The Taliban are to be taken to the international court of justice for gender discrimination by Canada, Australia, Germany and the Netherlands in a groundbreaking move.
The move announced at the UN general assembly is the first time the ICJ, based in The Hague, has been used by one country to take another to court over gender discrimination.
The case is being brought under the convention on the elimination of all forms of discrimination against women, which was adopted by the general assembly in 1979 and brought into force in 1981.
Afghanistan, prior to the 2021 Taliban takeover of the country, ratified the convention in 2003.
In the first legal move of this type since the Taliban took over, it is expected that Afghanistan would have six months to provide a response before the ICJ would hold a hearing and probably propose provisional measures.
Advocates of the course argue that even if the Taliban refuse to acknowledge the court’s authority, an ICJ ruling would have a deterrent effect on other states seeking to normalise diplomatic relations with the Taliban. Signatories to the ICJ are expected to abide by its rulings.
There has been concern that the UN has held talks with the Taliban in which women’s issues have been excluded from the agenda in an attempt to persuade the Taliban to attend.
The initiative has the support of three female foreign ministers: Penny Wong from Australia, Annalena Baerbock from Germany, and Mélanie Joly from Canada. It is also being backed by the Dutch foreign minister, Caspar Veldkamp.

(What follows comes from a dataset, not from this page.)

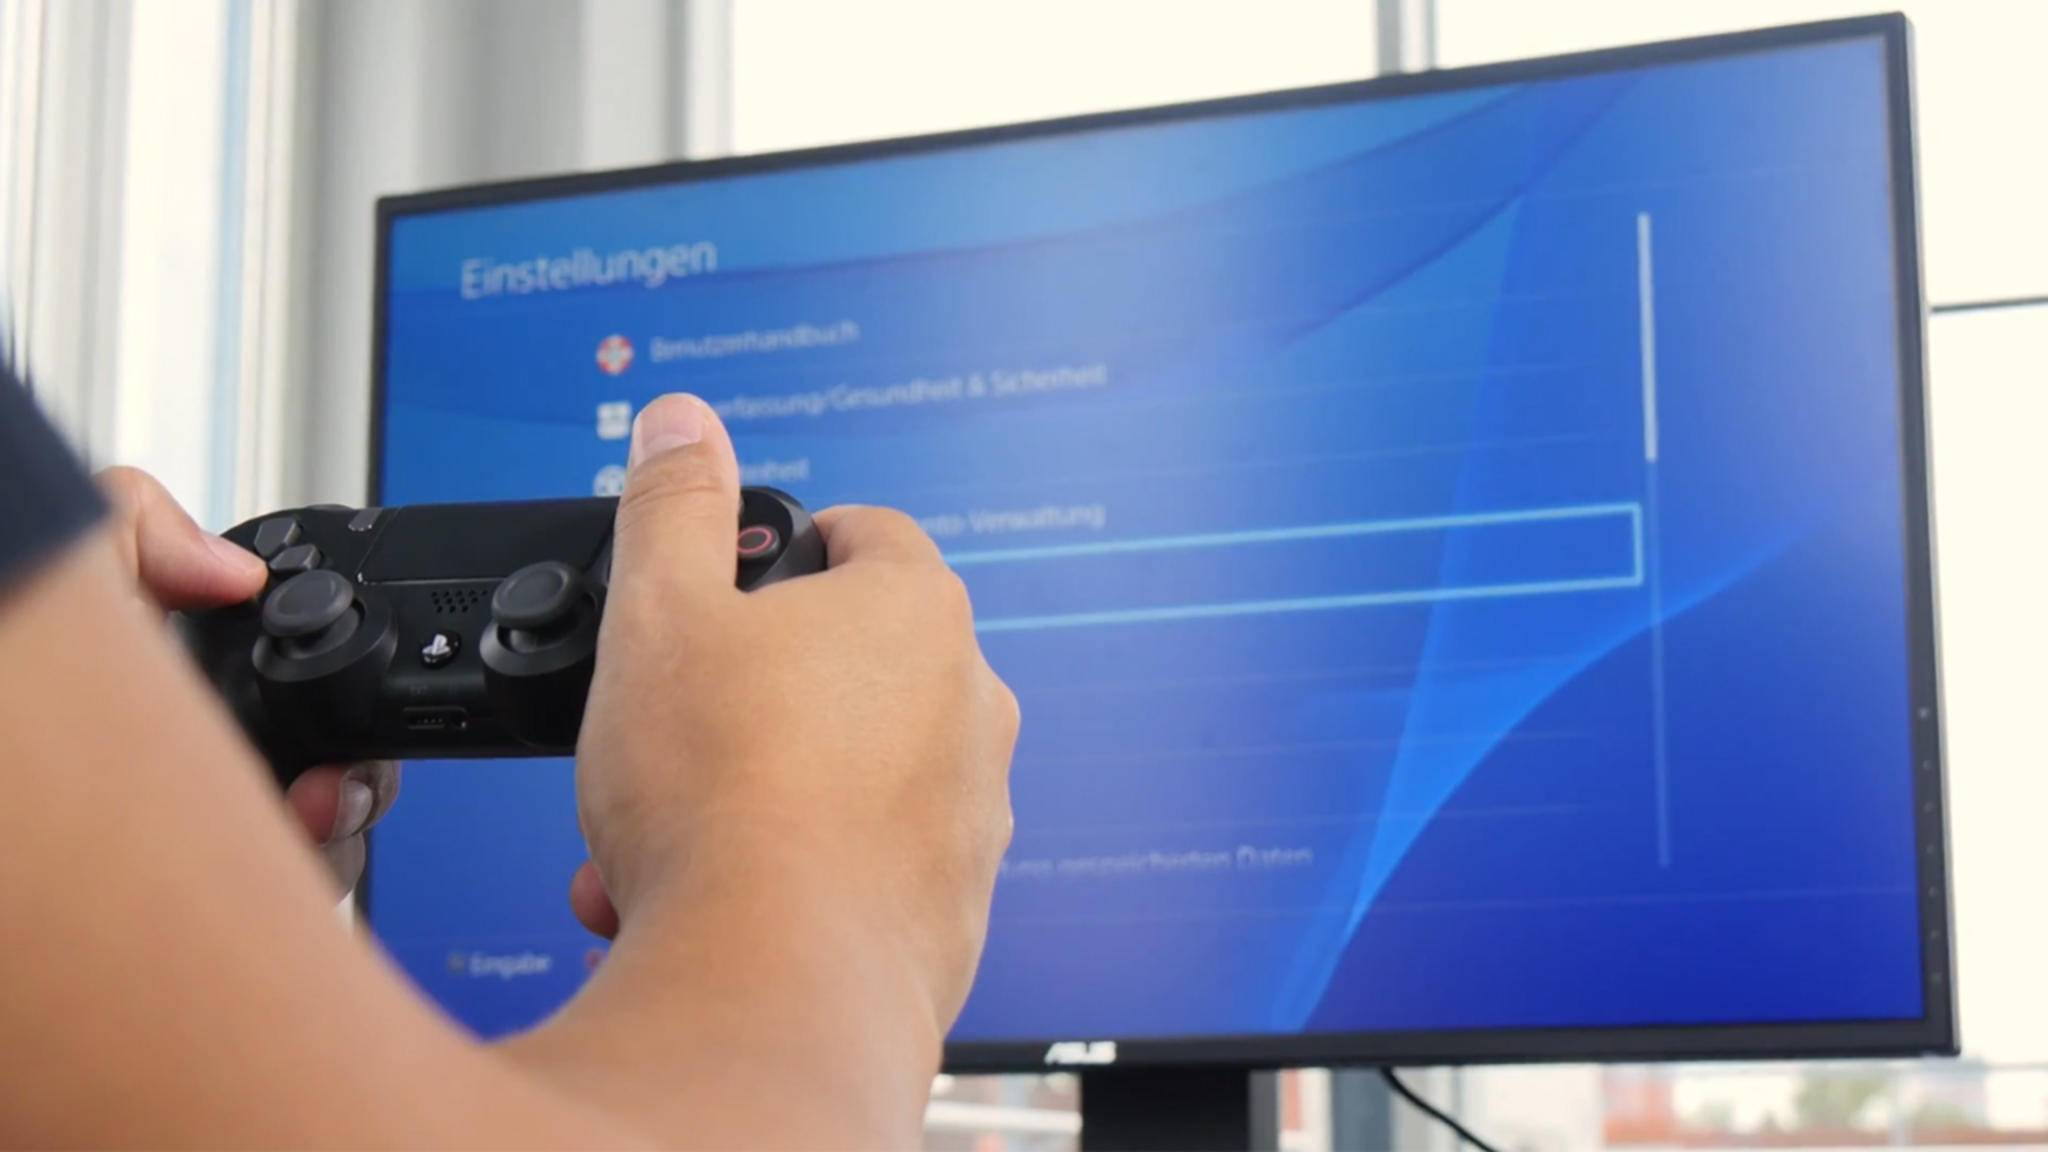 Der Download von Spielen soll der Netzneutralität zufolge ebenso mit voller Geschwindigkeit erfolgen wie der von Soßenrezepten.

In the latest round of suppression in Afghanistan the Taliban have decreed that Afghan women are prohibited from speaking in public, prompting an online campaign in which Afghan women sing in protest.
At a UN side event this week the actor Meryl Streep said: “A female cat has more freedom than a woman. A cat may go sit on her front stoop and feel the sun on her face. She may chase a squirrel into the park. A squirrel has more rights than a girl in Afghanistan today because the public parks have been closed to women and girls by the Taliban. A bird may sing in Kabul, but a girl may not.”
The countries involved in the litigation say they are willing to negotiate with the Taliban in good faith to end gender discrimination, but will, if the necessary stages prove fruitless, seek a hearing at the ICJ.
Last month, the Taliban published a new set of vice and virtue laws that said women must not leave the house without being fully covered and could not sing or raise their voices in public.
Streep spoke alongside Afghan activists and human rights defenders, who called on the UN to act to protect and restore the rights of women and girls in Afghanistan
Asila Wardak, a leader of the Women’s Forum on Afghanistan, said that the system of what has been described as gender apartheid being imposed on women and girls in Afghanistan, was not just an Afghan issue, but part of the “global fight against extremism”.
Akila Radhakrishnan, strategic legal advisor on gender justice at the Atlantic Council thinktank, said: “This case, by centering violations of women’s rights not only has the potential to deliver much needed justice to the women and girls of Afghanistan, but also forge new precedents for gender justice.”